The most optimistic depiction of the state of in-between may be in a painting in Orvieto’s Duomo by Luca Signorelli. As its title implies, Signorelli’s “Resurrection of the Flesh” imagines a happy outcome. But more interesting to me than the heavenly resolution is the act of transition from one state to another, which we see in bodies wriggling out of perfectly formed circles. (They always remind me of holes in a slab of pale Swiss cheese: Italian-Swiss, certamente.)
If I remember my catechism correctly, the naked are emerging from the nebulous zone of purgatory. Depending on the sensibility of that year’s religion teacher, we were told that in purgatory you suffered from being deprived of the sight of God; or, more perversely, that your body would be tormented by demons and fire. In either case, we were assured that it was all temporary. But temporary was the tricky bit. For a big part of either punishment – the soul scrubbing necessary for its corporal reunion – was not knowing how long it would last. Even the nuns didn’t try to second-guess that.

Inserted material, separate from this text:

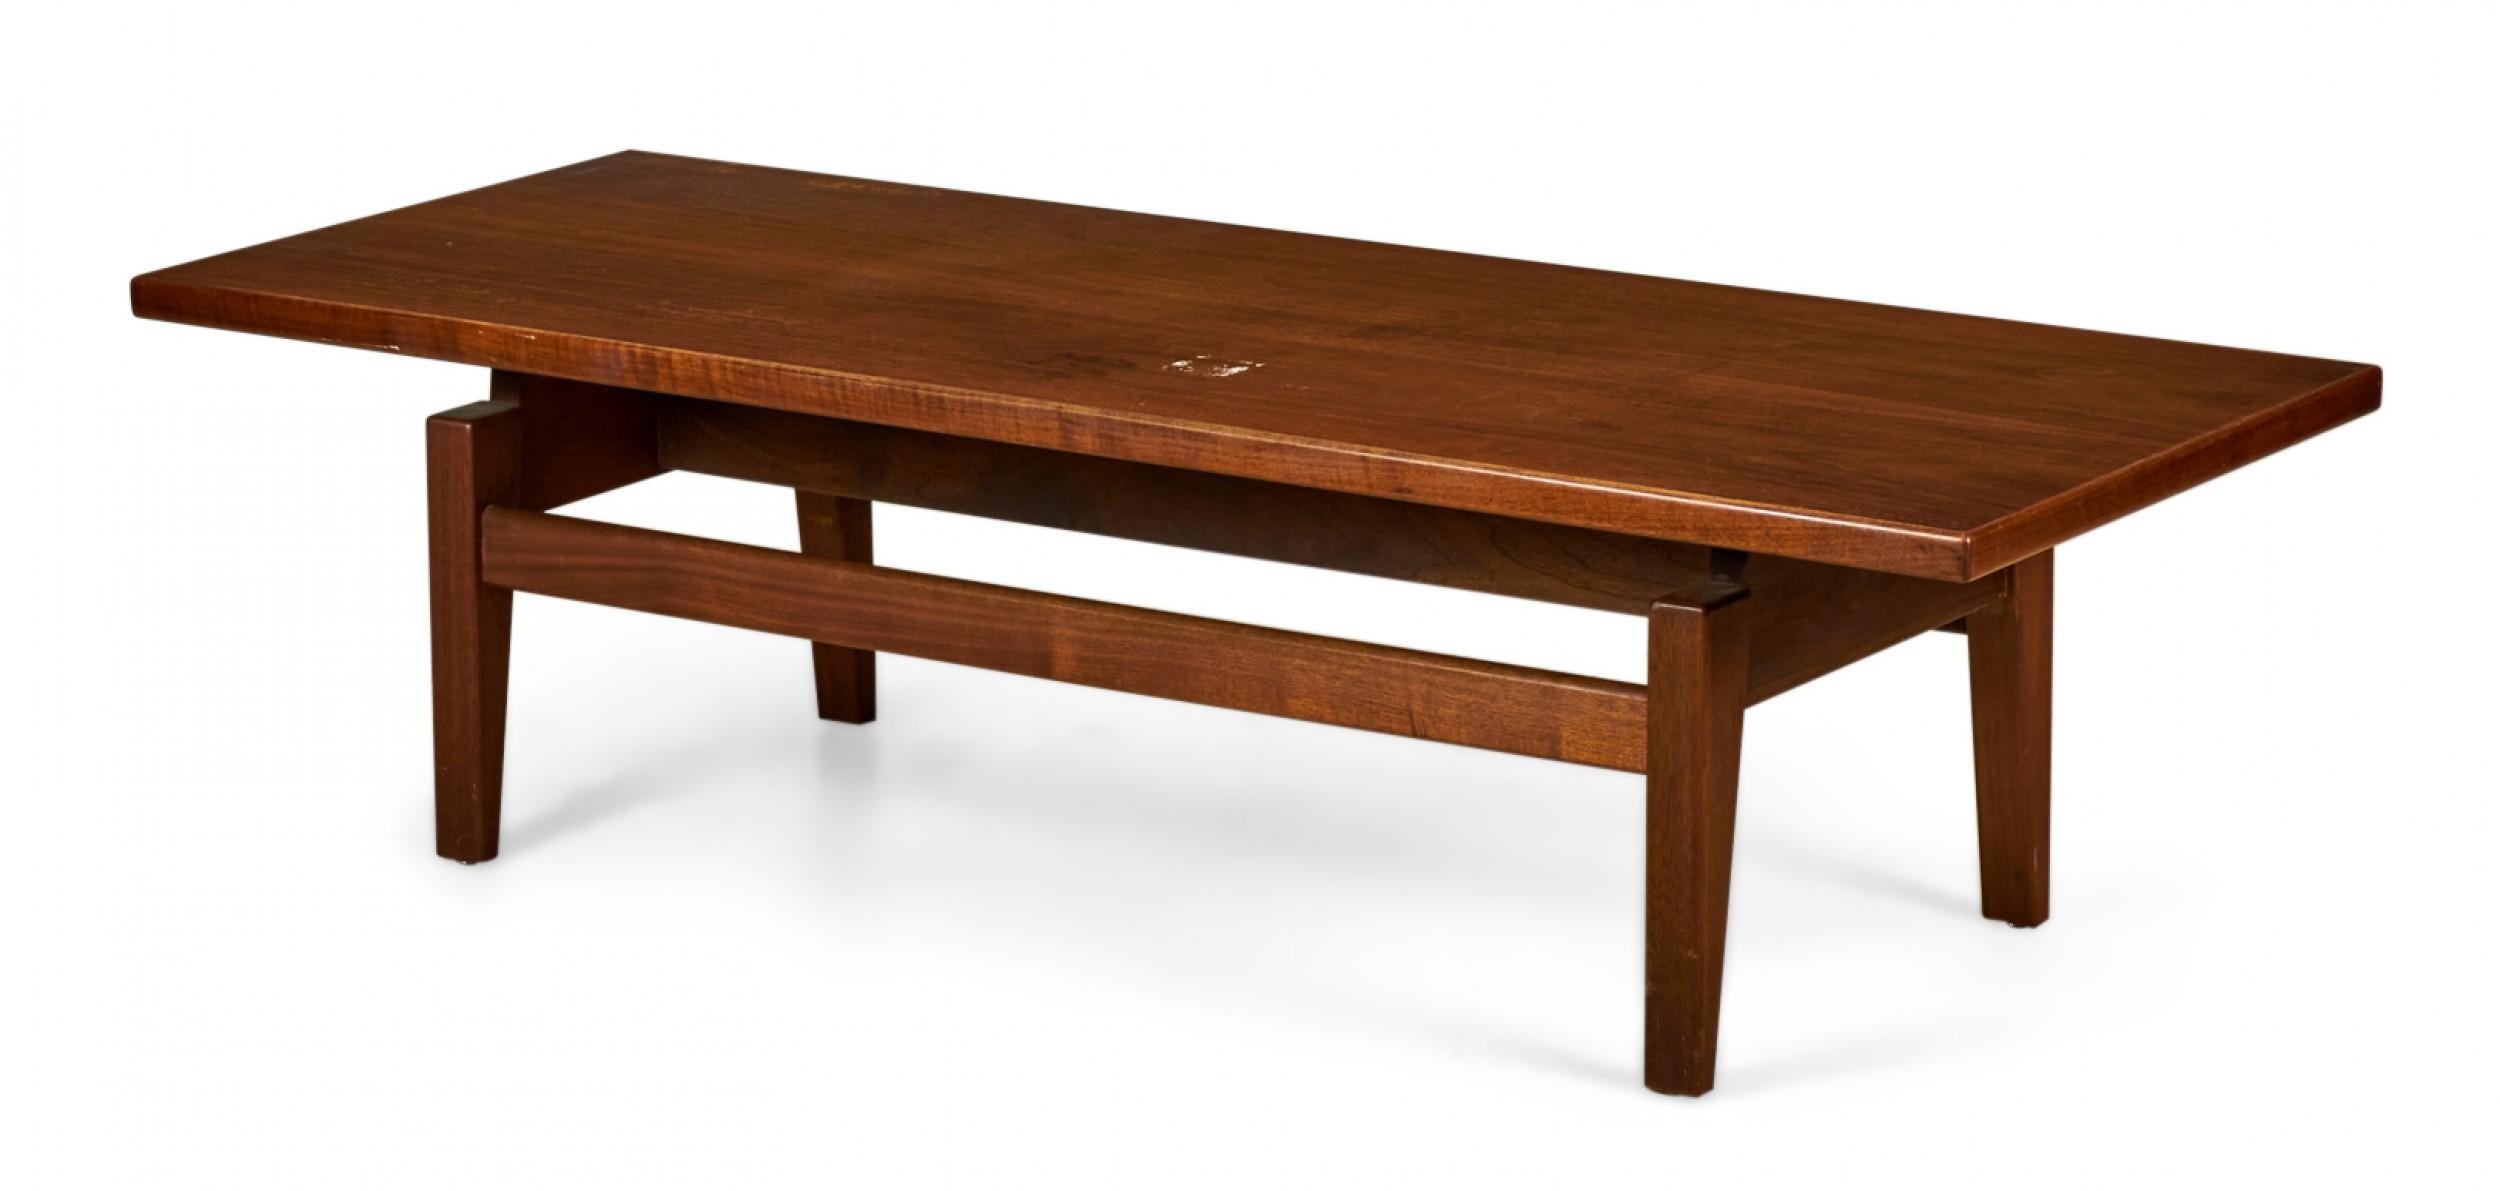 20th Century Pair of Jens Risom Danish Mid-Century Floating Top Walnut Coffee Table / Benches For Sale

The pain of ‘not knowing’ is an apt (okay, grossly exaggerated) description of my current state of mind. The time between projects, between deadlines, is supposed to be a time when the brain is germinating. Actually, it’s more like being maybe-pregnant, wondering whether it’s possible to conceive anything (really good) at all.
The palliative du jour is distraction: dealing with years of printed course readings (I know as soon as I toss one I’ll want it), sorting my books (and the ephemera stuck in their pages since who knows when), and personalizing essentially identical letters to librarians (in hopes they’ll acquire my new book, due out any day now). Then there are the short commitments, which can be completed fairly quickly, but are important enough to be list worthy. Lists are another way to ward off the fear of not-knowing. What’s-next just hasn’t been crossed off yet.
All of this feels a lot like housecleaning, the socially sanctioned busy-work that I only do really thoroughly for special occasions. (Baking is the exception because it’s domestic addition – you get cake; not subtraction, like dusting.) The difference is that, as yet, I don’t know what I’m cleaning for. Just that I’m waiting for a knock on the door. Or something to come up through a hole in the floor.